Her eyes, still fixed on fields and pastures, failed to register the implications of distant movements until she heard Captain Marsh draw a quick breath.
Then she gasped, ‘Look!’
He drew her back into the shelter of the trees. From there, they peered into the distance. The crisp March sunlight played its revealing part. The movements resolved into the definable figures of soldiers on foot, an extended line of them, advancing steadily in an obvious and methodical search of the terrain. Captain Marsh felt his chances were narrowing. The Germans had to know by now that he was on foot.

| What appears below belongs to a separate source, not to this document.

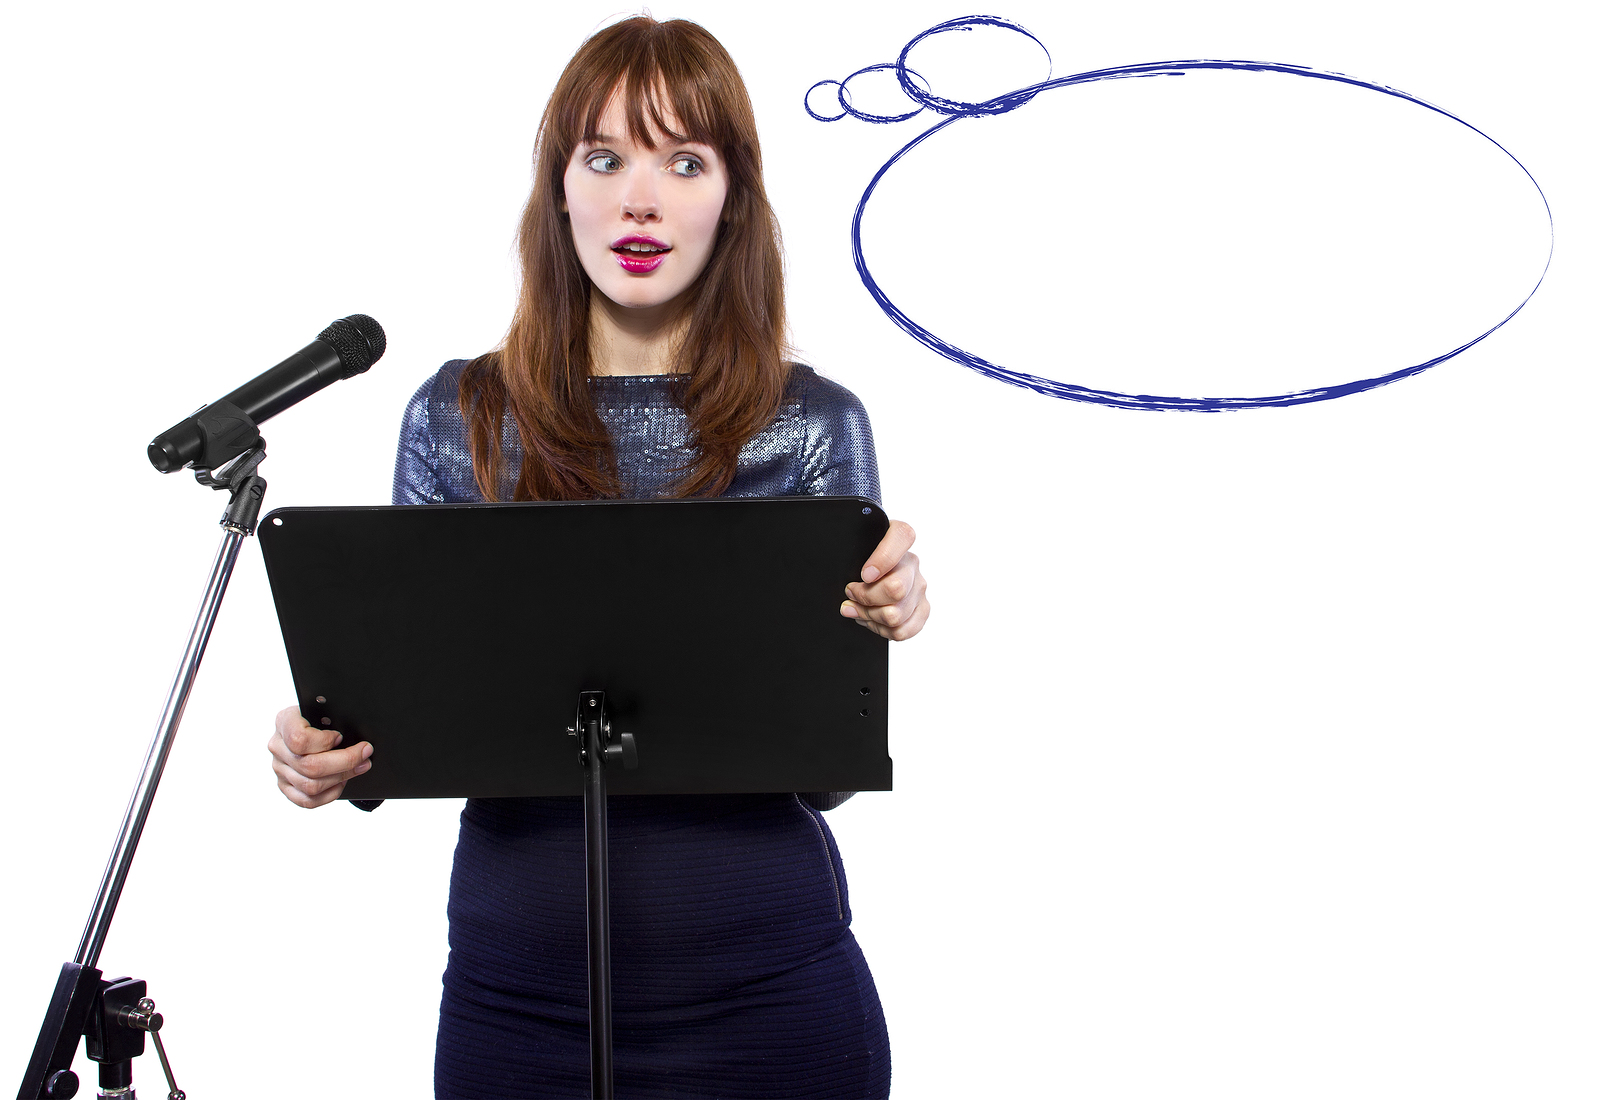 effective public speaker

‘They’ll reach us. They’ll surround this place,’ said Sophia. Why she felt sad she did not know, unless it was because they would take her as well as Captain Marsh, and escort her back to her father. But was it so desperately vital, her assignation with Fritz? Her mother could not, in the end, stop her marrying him. She would never literally chain her up. Even so, she felt inexplicably sad as she watched the long line of soldiers advancing.
‘We’ll be surrounded if we stay here,’ said Captain Marsh. ‘They know we’ve no car now. They probably think –’ He paused, and she saw a faint smile. ‘They probably think I’ve a gun to your head.’
‘In effect,’ said Sophia quietly, ‘you have had a gun to my head from the beginning.’
‘Yes, and that’s what you must tell everyone. On no account must you admit to anyone that there was a time when you weren’t under duress.’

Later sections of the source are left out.